Sunday, November 14, 2010


Let me preface this post by saying I love tiramisu! Exclamation point! It is decidedly my favorite dessert of all time. I actually judge Italian restaurants by their tiramisu. If they can't make a good tiramisu, then what are they good for?

Tiramisu is actually a fairly easy dessert to make, if you ask me. A good tiramisu should be creamy and have a distinct coffee flavor. It's basically a fancy Italian trifle.

 I've made this particular recipe for tiramisu a few times before. It has always been quite a hit with everyone. This week I made it for family dinner. We were planning to have salad, lasagna and bread, so an Italian dessert was in order. Enter: tiramisu.

Classic Tiramisu

6 egg yolks
1 1/4 cups white sugar
1 1/4 cups mascarpone cheese
1 3/4 cups heavy whipping cream
2 packages ladyfingers
1/3 cup coffee liqueur

1 tsp unsweetened coca powder, for dusting
1 square semisweet chocolate

1. Combine egg yolks and sugar in the top of a double boiler, over boiling water. Reduce heat to low and cook for about 10 minutes, stirring constantly. Remove from heat and whip yolks until thick and lemon colored.
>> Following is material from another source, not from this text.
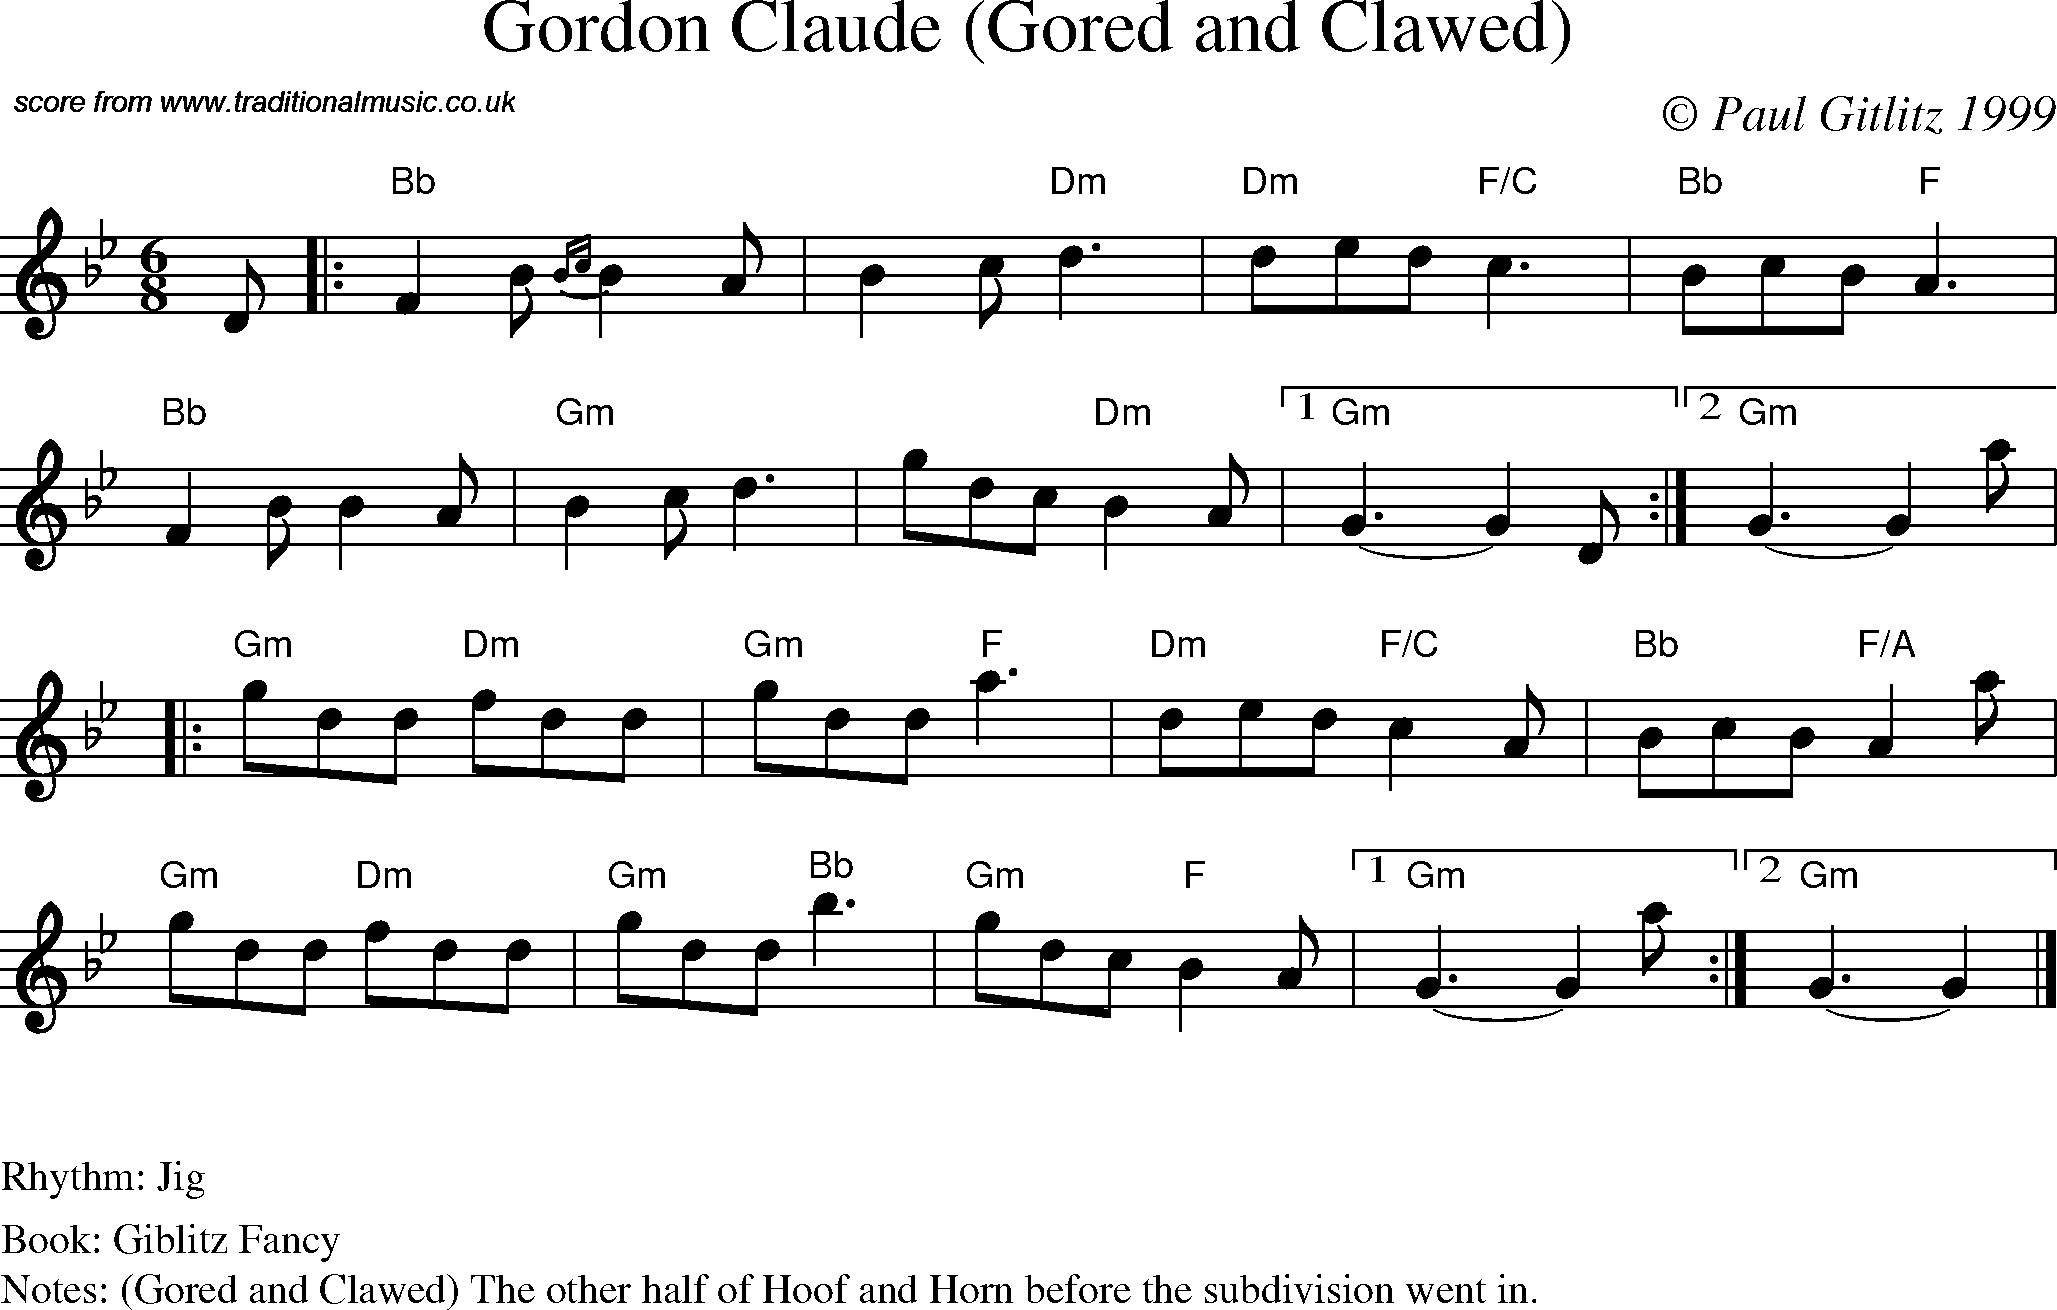 Sheet Music Score for Jig - Gordon Claude

2. Add mascarpone to whipped yolks. Beat until combined. In a separate bowl, whip cream to stiff peaks. Gently fold into yolk mixture and set aside.

3. Split the lady fingers in half and line he bottom and sides of a large glass bowl. Brush with coffee liqueur. Spoon half of the cream filling over the ladyfingers. Repeat ladyfingers, coffee liqueur and filling layers. Garnish with cocoa and chocolate curls. Refrigerate several hours or over night.

Note: The longer this sits, the better it will taste. My ladyfingers were particularly crisp, so they were not softened enough after sitting in the fridge for six hours. I may recommend more liquid for crispy ladyfingers. I used Kahlua Especial.